Whither Squeak?
Alan Kay
alan.kay at squeakland.org
Tue May 23 19:49:06 UTC 2006
A good exercise (and very useful) would be just to build a new (and much
better) Etoys in your new Morphic. There is nothing sacred in the current
version of Etoys.
Cheers,
Alan
----------
At 04:36 AM 5/23/2006, Juan Vuletich wrote:
>Hi Daniel,
>
>I used MudPie for splitting Morphic. As I said in another message, I
>failed at making Etoys and MorphicExtras easy to unload and load back.

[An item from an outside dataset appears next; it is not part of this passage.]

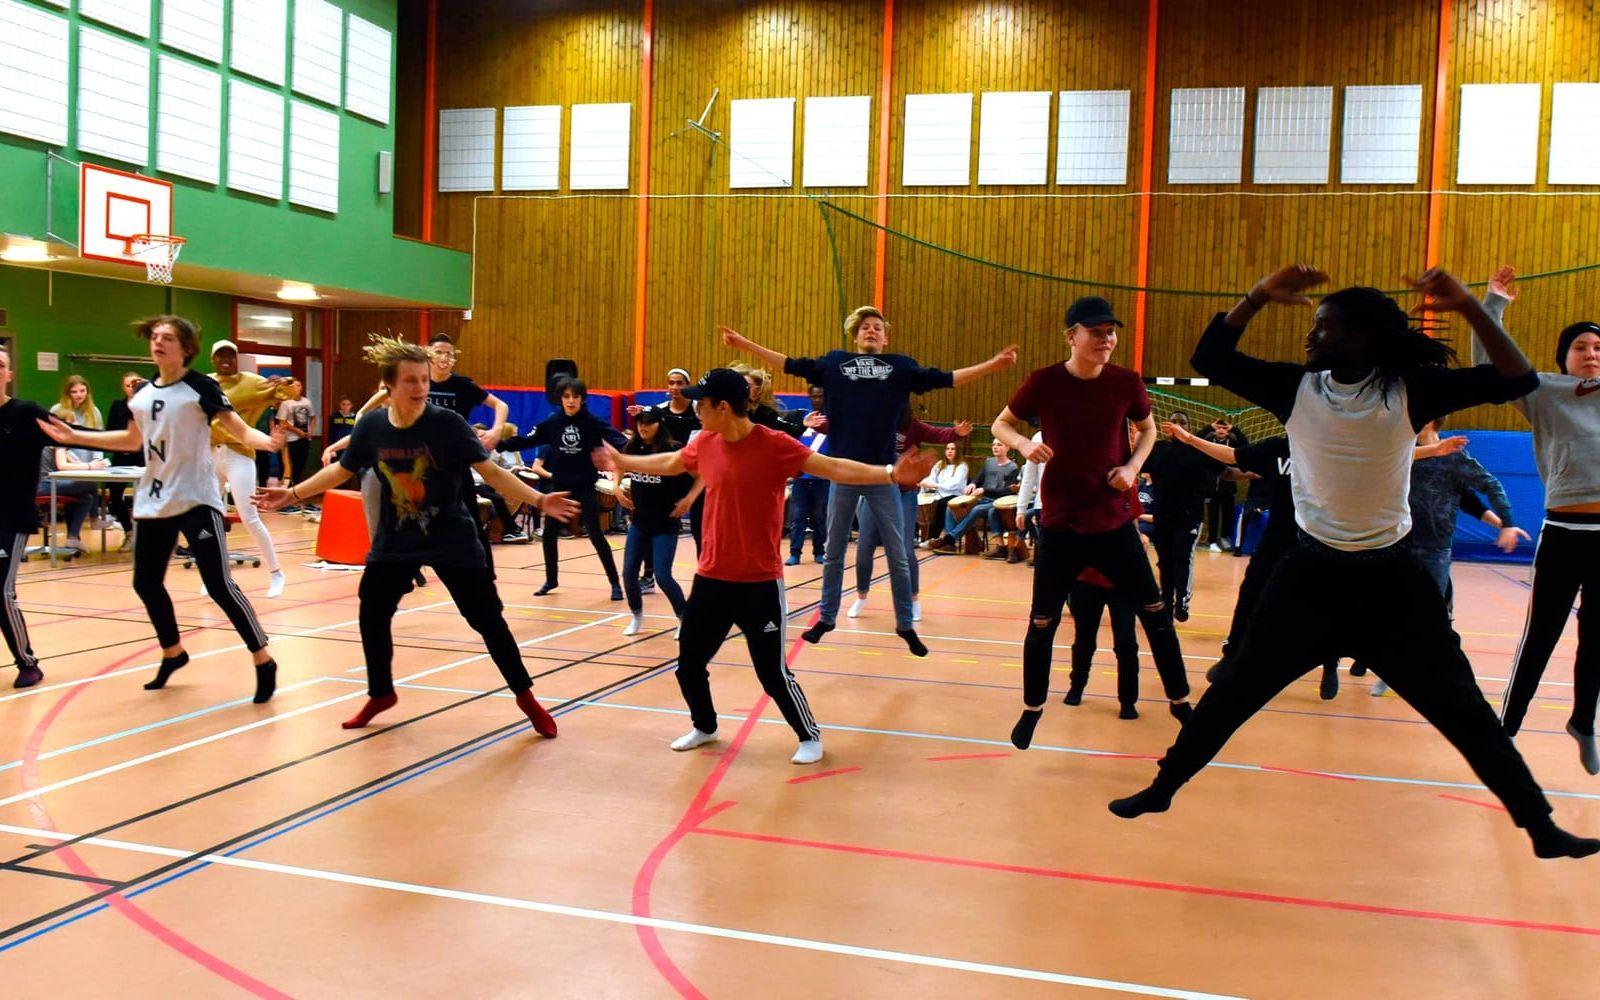 Dansgruppen under ledning av Asanne Lasane. Bild: Martin Erlandsson

>This is because for fixing the bad dependencies without needing two
>versions of many core methods (i.e. methods not in the package we are
>removing). Doing this carefully is way too much for me (and for anybody, I
>guess). Squeak is too big!
>
>My experience with MudPie was excellent. It is great for spotting those
>dependencies. It works great, and when I needed some help, or new
>features, Daniel helped me a lot, and implemented many of my suggestions.
>Thanks, Daniel! And I can say: MudPie does work in 3.9.
>
>The problem was not lack of tools like MudPie. I could think of a tool
>that could automate the generation of some of the code needed for removing
>dependencies. But I don't think that would be a good solution. The only
>way to clean code is by understanding it. So, to me the problem is: too
>much work, too little time.
>
>Cheers,
>Juan Vuletich
>
>----- Original Message ----- From: "Daniel Vainsencher"
><danielv at tx.technion.ac.il>
>To: "The general-purpose Squeak developers list"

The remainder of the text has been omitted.